17. The apparatus of any one of claims 15 to 16, wherein samples of the horizontal reference line picture buffer are used to predict samples of the vertical reference line picture buffer, or samples of the vertical reference line picture buffer are used to predict samples of the horizontal reference line picture buffer.

18. The apparatus of any one of claims 11 to 17, wherein the at least one memory and the computer program code are further configured to, with the at least one processor, cause the apparatus at least to: indicate parallel unit areas in or along a bitstream.

19. The apparatus of any one of claims 11 to 18, wherein the reference samples and the picture have different chroma formats.

20. The apparatus of any one of claims 11 to 19, wherein the at least one memory and the computer program code are further configured to, with the at least one processor, cause the apparatus at least to: indicate a first motion vector field at a first sub-block location of the parallel unit; wherein a second motion vector field for a second sub-block location is determined with interpolation using at least the first motion vector field of the first sub-block location.

21. A method comprising: determining a block of samples in a picture; determining a parallel unit the block of samples belongs to; determining at least one row of reference samples not belonging to the parallel unit, wherein the row of reference samples not belonging to the parallel unit is not dependent from decoded samples of any parallel unit within the picture; determining a location of at least one reference sample; and in response to the location of the at least one reference sample belonging to the parallel unit the block of samples belongs to, determining a value for the at least one reference sample from decoded samples of the parallel unit the block of samples belongs to; or in response to the location of the at least one reference sample being at a location not belonging to the parallel unit, determining a value for the at least one reference sample from the row of reference samples coded independently from reconstructed samples of any parallel unit within the picture.

22. A method comprising: encoding a block of samples in a picture; encoding a parallel unit the block of samples belongs to; encoding at least one row of reference samples not belonging to the parallel unit, wherein the row of reference samples not belonging to the parallel unit is not dependent from encoded samples of any parallel unit within the picture; determining a location of at least one reference sample; and wherein in response to the location of the at least one reference sample belonging to the parallel unit the block of samples belongs to, a value for the at least one reference sample is determined from encoded samples of the parallel unit the block of samples belongs to; or wherein in response to the location of the at least one reference sample being at a location not belonging to the parallel unit, a value for the at least one reference sample is determined from the row of reference samples coded independently from samples of any parallel unit within the picture.

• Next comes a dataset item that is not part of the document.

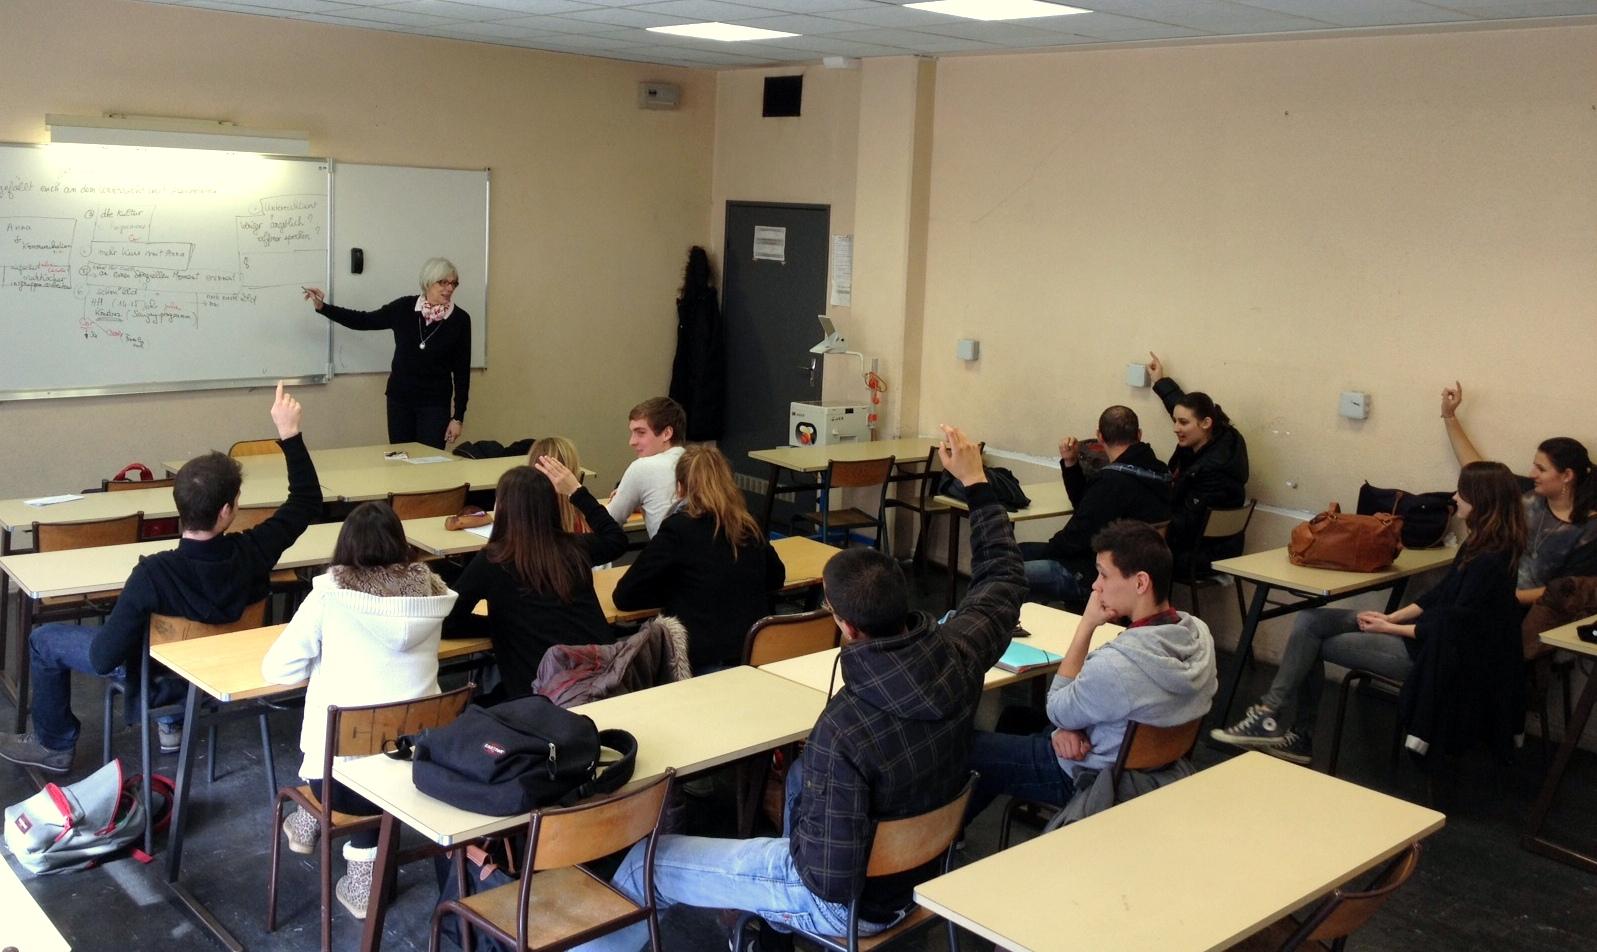 Annemarie Richard is teaching the graduating class in German

23. A non-transitory program storage device readable by a machine, tangibly embodying a program of instructions executable with the machine for performing operations, the operations comprising: determining a block of samples in a picture; determining a parallel unit the block of samples belongs to; determining at least one row of reference samples not belonging to the parallel unit, wherein the row of reference samples not belonging to the parallel unit is not dependent from decoded samples of any parallel unit within the picture; determining a location of at least one reference sample; and in response to the location of the at least one reference sample belonging to the parallel unit the block of samples belongs to, determining a value for the at least one reference sample from decoded samples of the parallel unit the block of samples belongs to; or in response to the location of the at least one reference sample being at a location not belonging to the parallel unit, determining a value for the at least one reference sample from the row of reference samples coded independently from reconstructed samples of any parallel unit within the picture.

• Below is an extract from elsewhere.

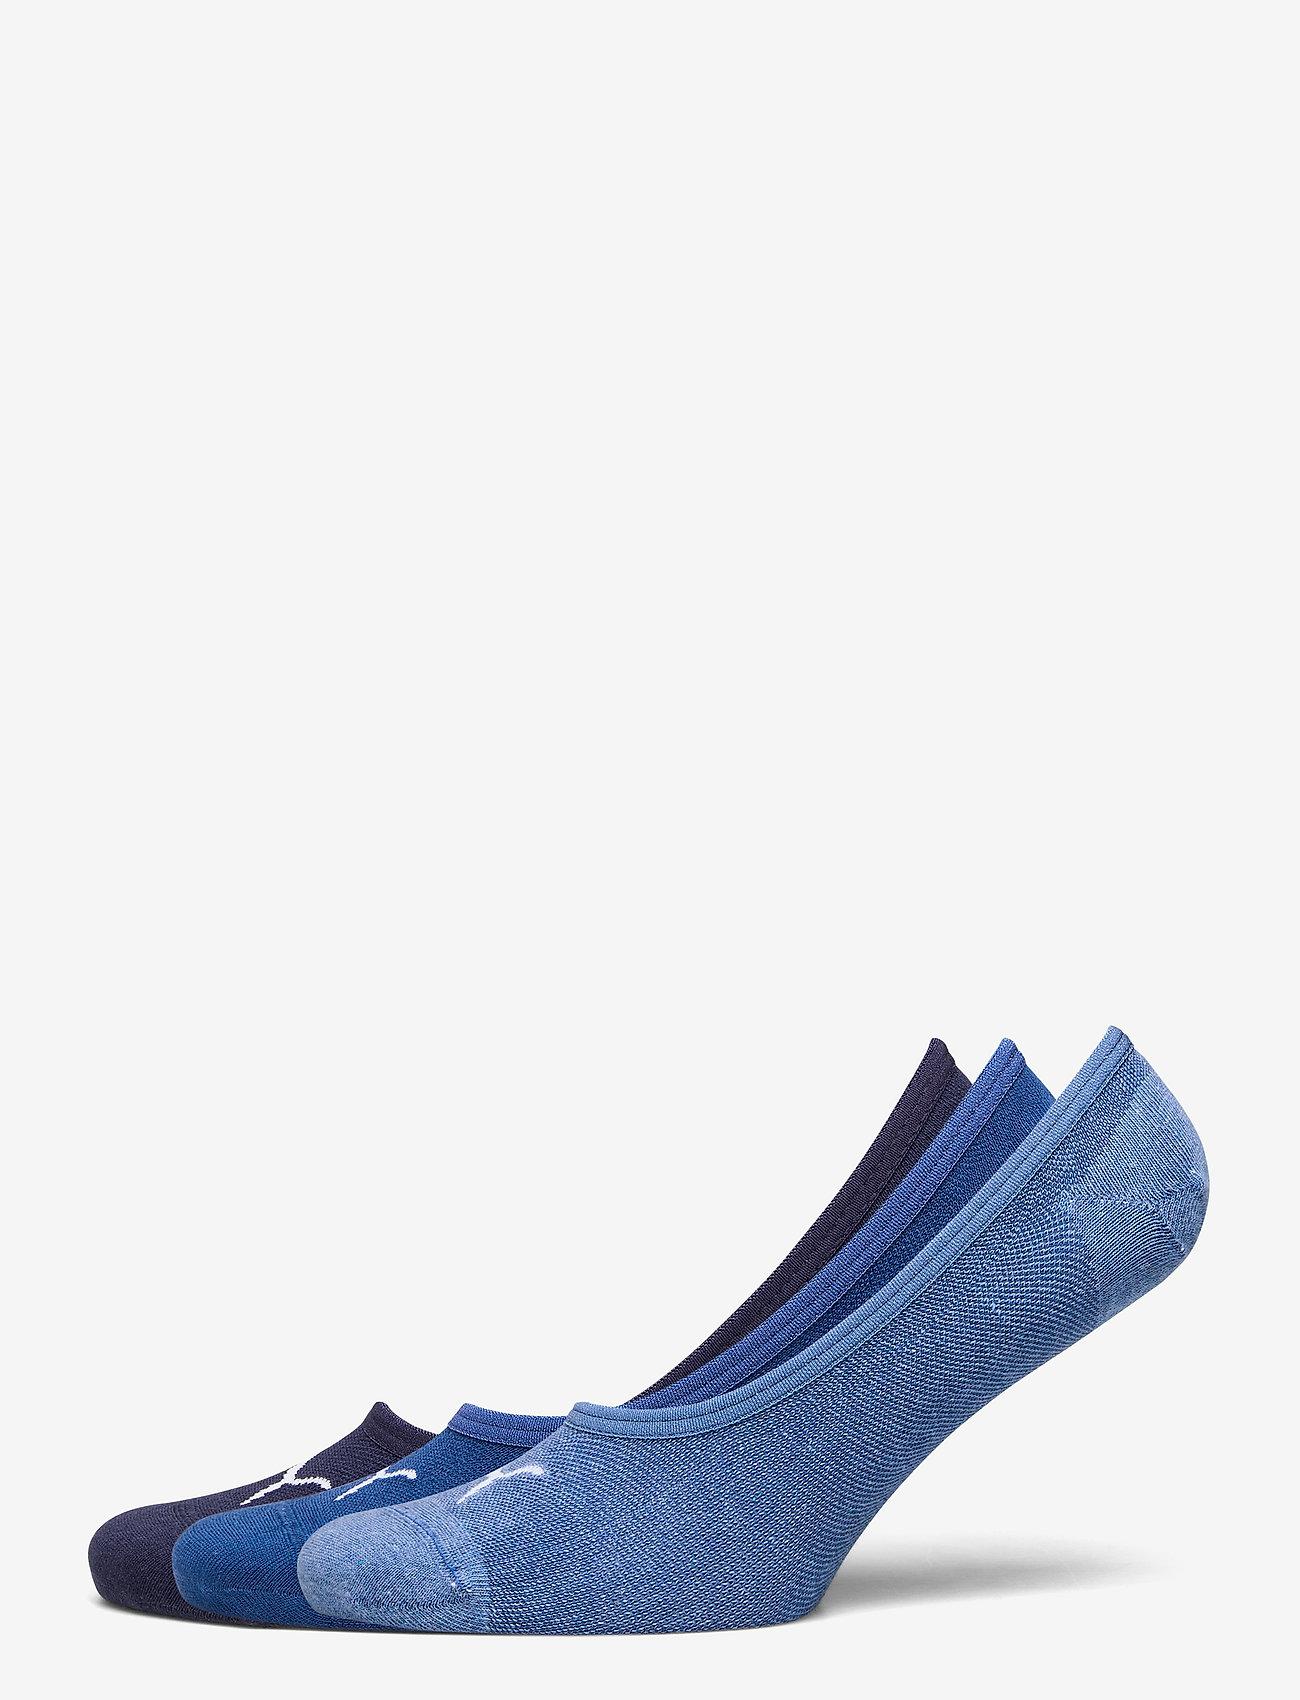 PUMA - PUMA FOOTIE 3P UNISEX - kousen - blue combo - 0

24. A non-transitory program storage device readable by a machine, tangibly embodying a program of instructions executable with the machine for performing operations, the operations comprising: encoding a block of samples in a picture; encoding a parallel unit the block of samples belongs to; encoding at least one row of reference samples not belonging to the parallel unit, wherein the row of reference samples not belonging to the parallel unit is not dependent from encoded samples of any parallel unit within the picture; determining a location of at least one reference sample; and wherein in response to the location of the at least one reference sample belonging to the parallel unit the block of samples belongs to, a value for the at least one reference sample is determined from encoded samples of the parallel unit the block of samples belongs to; or wherein in response to the location of the at least one reference sample being at a location not belonging to the parallel unit, a value for the at least one reference sample is determined from the row of reference samples coded independently from samples of any parallel unit within the picture.

25. An apparatus comprising: means for determining a block of samples in a picture; means for determining a parallel unit the block of samples belongs to; means for determining at least one row of reference samples not belonging to the parallel unit, wherein the row of reference samples not belonging to the parallel unit is not dependent from decoded samples of any parallel unit within the picture; means for determining a location of at least one reference sample; and in response to the location of the at least one reference sample belonging to the parallel unit the block of samples belongs to, determining a value for the at least one reference sample from decoded samples of the parallel unit the block of samples belongs to; or in response to the location of the at least one reference sample being at a location not belonging to the parallel unit, determining a value for the at least one reference sample from the row of reference samples coded independently from reconstructed samples of any parallel unit within the picture.

26. An apparatus comprising: means for encoding a block of samples in a picture; means for encoding a parallel unit the block of samples belongs to; means for encoding at least one row of reference samples not belonging to the parallel unit, wherein the row of reference samples not belonging to the parallel unit is not dependent from encoded samples of any parallel unit within the picture; means for determining a location of at least one reference sample; and wherein in response to the location of the at least one reference sample belonging to the parallel unit the block of samples belongs to, a value for the at least one reference sample is determined from encoded samples of the parallel unit the block of samples belongs to; or wherein in response to the location of the at least one reference sample being at a location not belonging to the parallel unit, a value for the at least one reference sample is determined from the row of reference samples coded independently from samples of any parallel unit within the picture.

33